++++ DATA PROVIDED

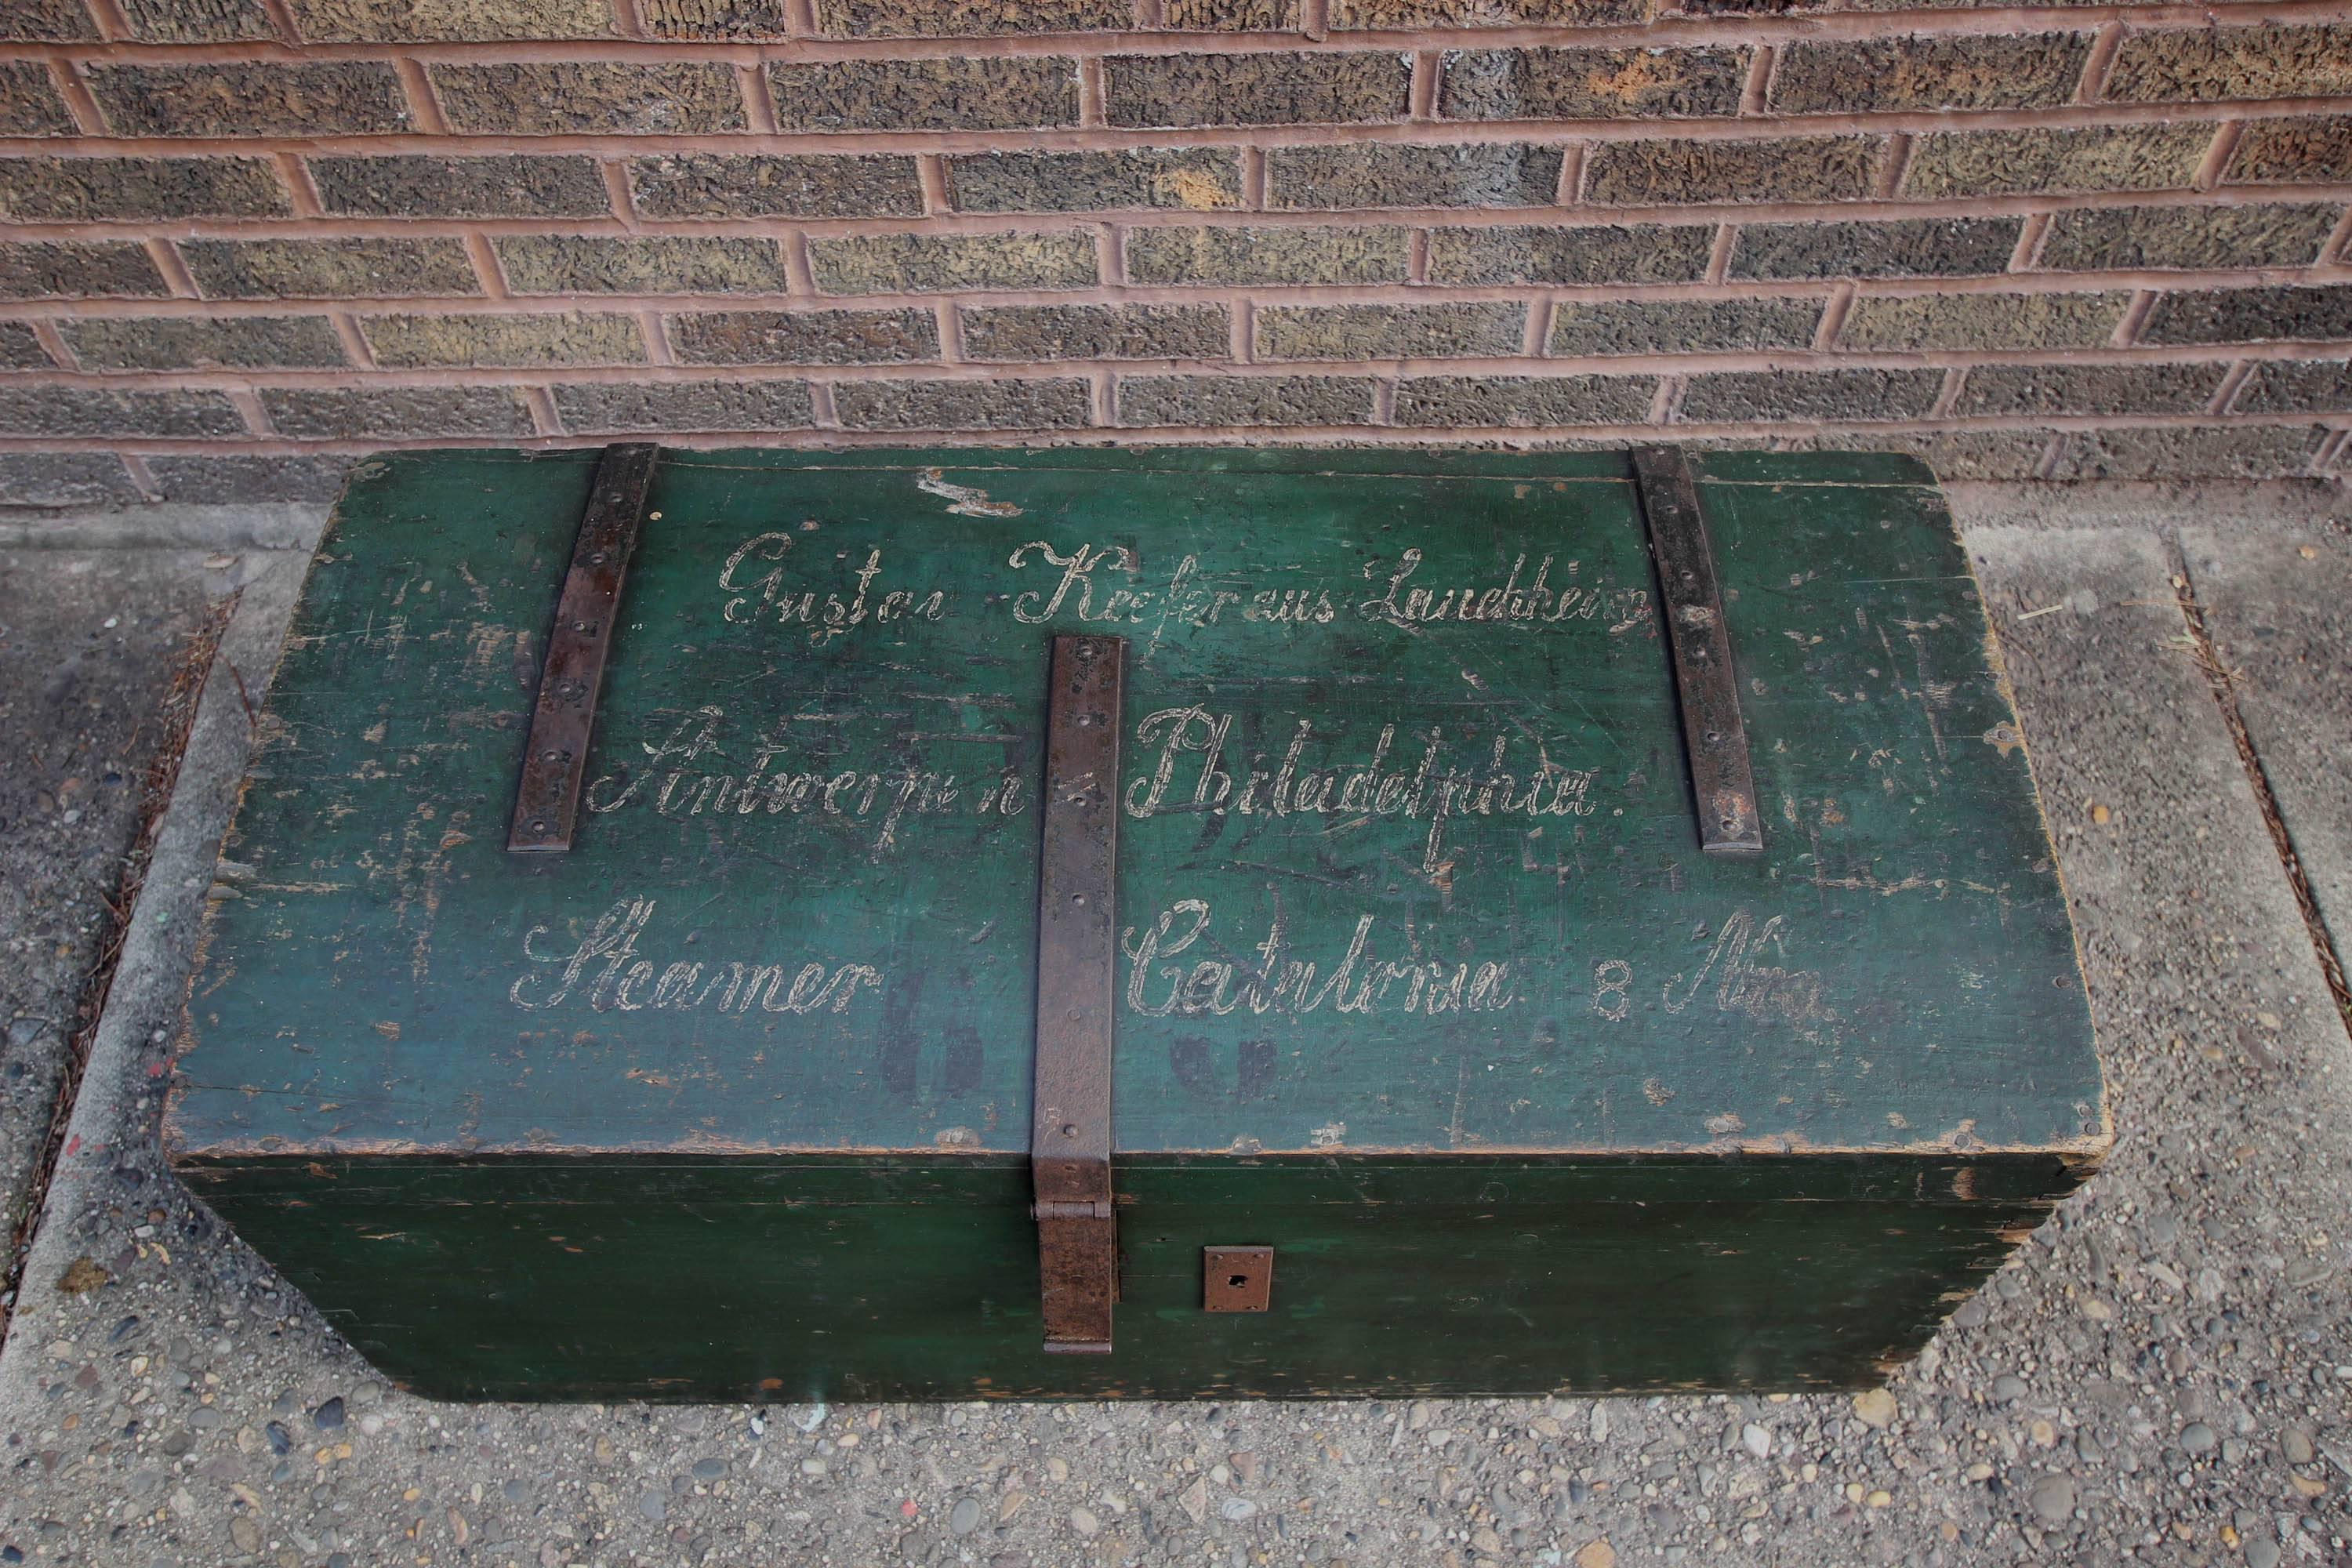 Deep green trunk with excellent, original wrought iron hardware - used for travel from Europe to the United States. Pine wood, dovetail construction; all original.

The top reads: Guston Keefer aus Lauchheim / Antwerp Philadelphia / Steamer
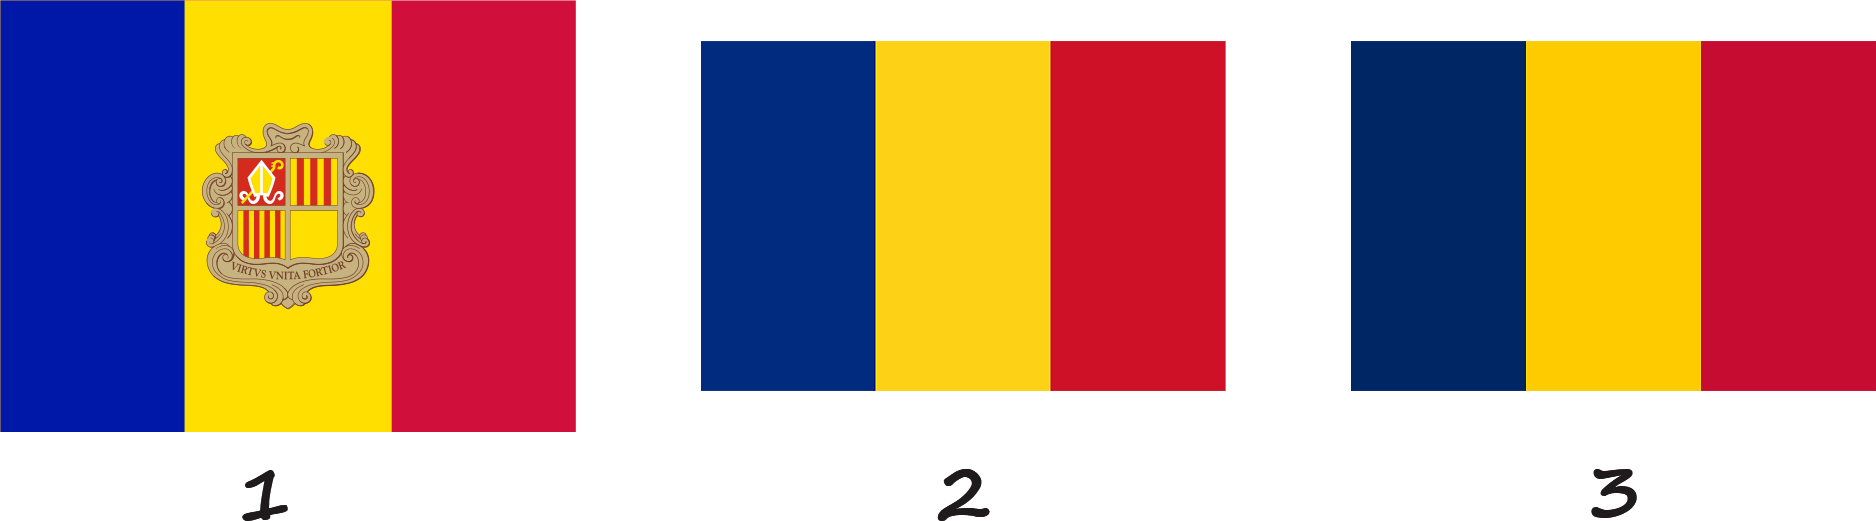 What flags are similar to the Moldovan flag?

++++++++

• ACTION ITEM
Reproduce all of the material above word for word. Omit the pictures.

• EXPECTED OUTPUT
 Deep green trunk with excellent, original wrought iron hardware - used for travel from Europe to the United States. Pine wood, dovetail construction; all original.

The top reads: Guston Keefer aus Lauchheim / Antwerp Philadelphia / Steamer
 What flags are similar to the Moldovan flag?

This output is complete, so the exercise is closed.